Сюда относятся фундаментальные исследования Михаэлиса, Якобшталя и Брука-Хидака
(Michaelis, Jacobsthal Hidak), а также методы Мейницкого (Meinicki), Сакса-Георги
(Sachs-Georgy), Долда (Dold), Гехта (Hecht), Брука и др. Эти реакции имеют большое
практическое значение как важные дополнения и контролирующие тесты для реакции
связывания комплемента»[145].
Нельзя не упомянуть о множестве модификаций и упрощений реакции Вассермана.
Есть методы, в которых используется не комплемент морской свинки, а комплемент,
содержащийся в человеческой сыворотке, так называемые активные методы: Стерн
(Stem), Ногучи (Noguchi) и др. Есть также методы, в которых не добавляется
гемолитический амбоцептор, в оригинальном методе получаемый из сыворотки
иммунизированного кролика, а используется амбоцептор, находящийсяв сыворотке
здорового человека (Bauer). Мутермильх (Mutermilch) не добавлял ни амбоцептор, ни
комплемент. Еще в одном методе (Sciarra) не добавляется антиген, поскольку
предполагается, что антиген находится в сифилитической крови. Существует также
великое множество модификаций, связанных с методами инактивации сыворотки пациента,
с техникой использования комплемента изготовления вытяжек, гемолизина, со способом
использования кровяных корпускул или формой хранения реагентов, и т. д. Чтобы
оценить размеры лавины, которую вызвала реакция Вассермана, надо заметить, что в
1927 г. Лаубенхаймер (Laubenheimer) называет около 1500 работ на эту тему, хотя он
ограничивается только самыми новыми работами[146]. Если же к этому добавить
малоизвестные работы на различных языках и клинические отчеты, которые не были
полностью учтены Лаубенхаймером, и те, которые были опубликованы до 1927 г., их
число перевалит за 10000. Вряд ли можно назвать много научных специальных проблем,
которым было бы посвящено такое огромное количество опубликованных работ.

ГЛАВА 4
ЭПИСТЕМОЛОГИЧЕСКИЕ РАССУЖДЕНИЯ ОТНОСИТЕЛЬНО ОТКРЫТИЯ РЕАКЦИИ ВАССЕРМАНА

1. ОБЩИЕ ВЫВОДЫ

Чем глубже мы проникаем в какую-нибудь область знания, тем сильнее становится


связь со стилем мышления.
Сравнивая историю понятия сифилиса с историей открытия реакции Вассермана, мы
замечаем, что последняя требует намного больше технических выражений. Для этого
необходима более серьезная подготовка: широкое специальное образование, поскольку
мы здесь довольно далеко уходим из сферы обыденного опыта и вступаем в
специализированный мир науки. Мы также вплотную подходим к субъекту познания (как
индивидуальному, так и коллективному), нам придется также называть большее число
имён. Это обычное явление.

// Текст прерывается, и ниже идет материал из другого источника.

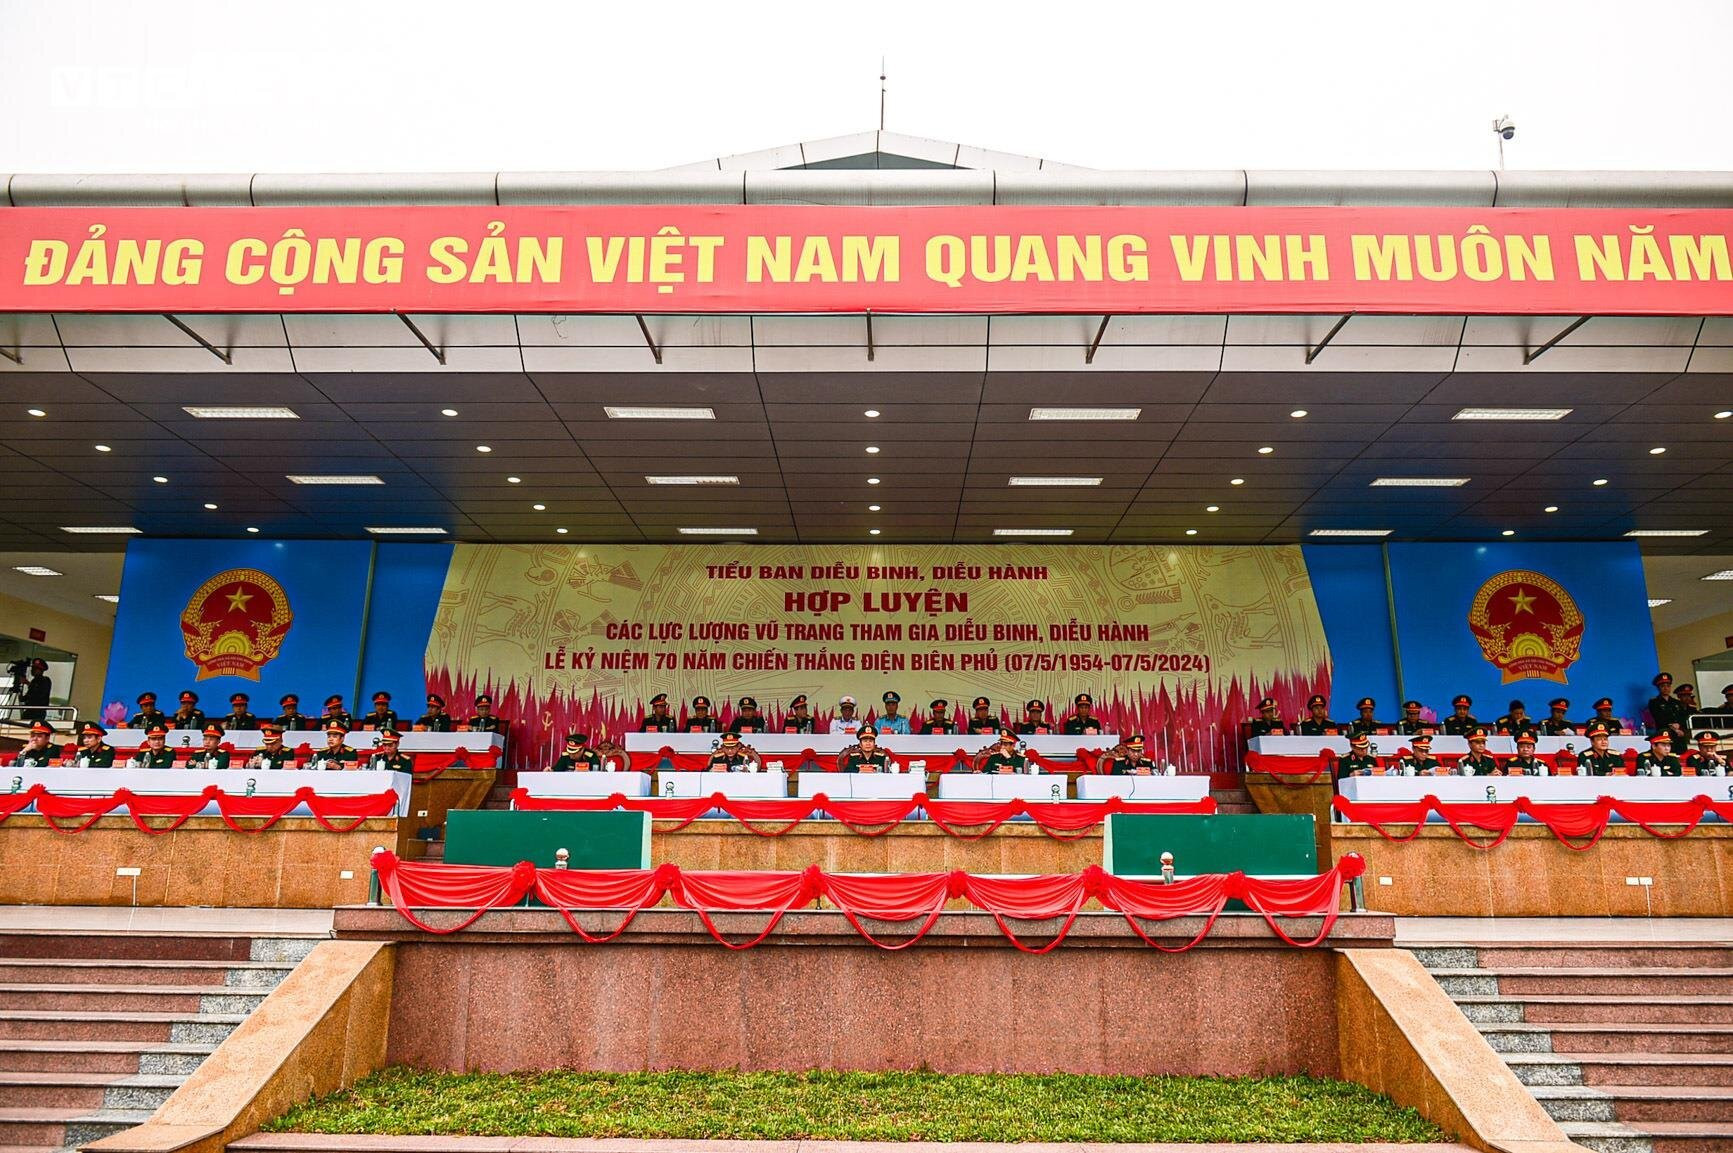 3.500 chiến sĩ hợp luyện diễu binh kỷ niệm Chiến thắng Điện Biên Phủ - 1

Чем глубже мы входим в какую-то область научного знания,
тем теснее становится связь с мыслительным коллективом и тем более непосредственным
контакт с исследователем. Коротко говоря, увеличивается количество активных
элементов познания.
В то же время происходит иной сдвиг: растет число пассивных отношений,
связывающих каждый активный элемент знания с соответствующим пассивным элементом,
необходимо вытекающим из предыдущего. Мы уже назвали ранее несколько таких связей,
например, использование спирта для приготовления вытяжек есть активный элемент
науки, тогда как эффективность таких вытяжек — это пассивный элемент, необходимо
вытекающий из подобных действий.
То же самое можно сказать о других областях знания. Например, в истории
развития знаний о химических элементах можно выделить две фазы: преднаучную и фазу
научной химии. В каждой из этих фаз имеют место как активные, так и пассивные
элементы знания.
Сами понятия атома и химического элемента можно вывести из исторических и
коллективно-мыслительных характеристик: они, так сказать, являются продуктами
коллективного воображения. Но тот факт, что эти понятия имеют эффективное
применение в химии, — обстоятельство, которое не зависит от индивидуального
познающего субъекта. То, что атомный вес кислорода равен 16, — это устанавливается
в соответствии с определенным и почти произвольным соглашением. Но если атомный вес
кислорода равен 16, то атомный вес водорода необходимо равен 1,008. Таким образом,
соотношение этих двух атомных весов является пассивным элементом научного знания.
Я хотел бы подчеркнуть, что в первой фазе истории развития химического знания
количество как пассивных, так и активных элементов меньше, чем во второй. Во всяком
суждении, в любом химическом законе есть пассивная и активная части. Чем глубже
наука входит в какую-либо область знания, тем больше элементов обеих частей, хотя,
на первый взгляд можно было бы предположить, что возрастает только пассивная часть.
Теперь мы можем определить научный факт как понятийную структуру
(Begriffsrelation), соответствующую стилю мышления, которую можно изучать с
исторической, индивидуальнои коллективно-психологической точек зрения, но которую
нельзя полностью реконструировать на основании только такого подхода. Здесь мы
встречаемся с феноменом неразрывной связи между активной и пассивной частями
знания, а также с тем, что обе эти части возрастают вместе с нарастанием количества
фактов.
Следует к тому же отметить, что чем более разработана какая-то область знания,
чем более она развита, тем меньше в ней наблюдается различий во мнениях. В истории
понятия сифилиса мы встречаемся с весьма различными мнениями, тогда как в истории
реакции Вассермана это многообразие значительно сокращается и становится еще меньше
к тому времени, когда работа над реакцией подходит к концу. Если продолжить наше
сравнение с постоянно флуктуирующей сетью, здесь как бы увеличивается число узловых
точек и уменьшается пустое пространство, т. е. свободное течение мысли встречает
больше сопротивления и ограничивается. Это очень важно, хотя применимо скорее к
анализу заблуждения, чем к анализу фактов.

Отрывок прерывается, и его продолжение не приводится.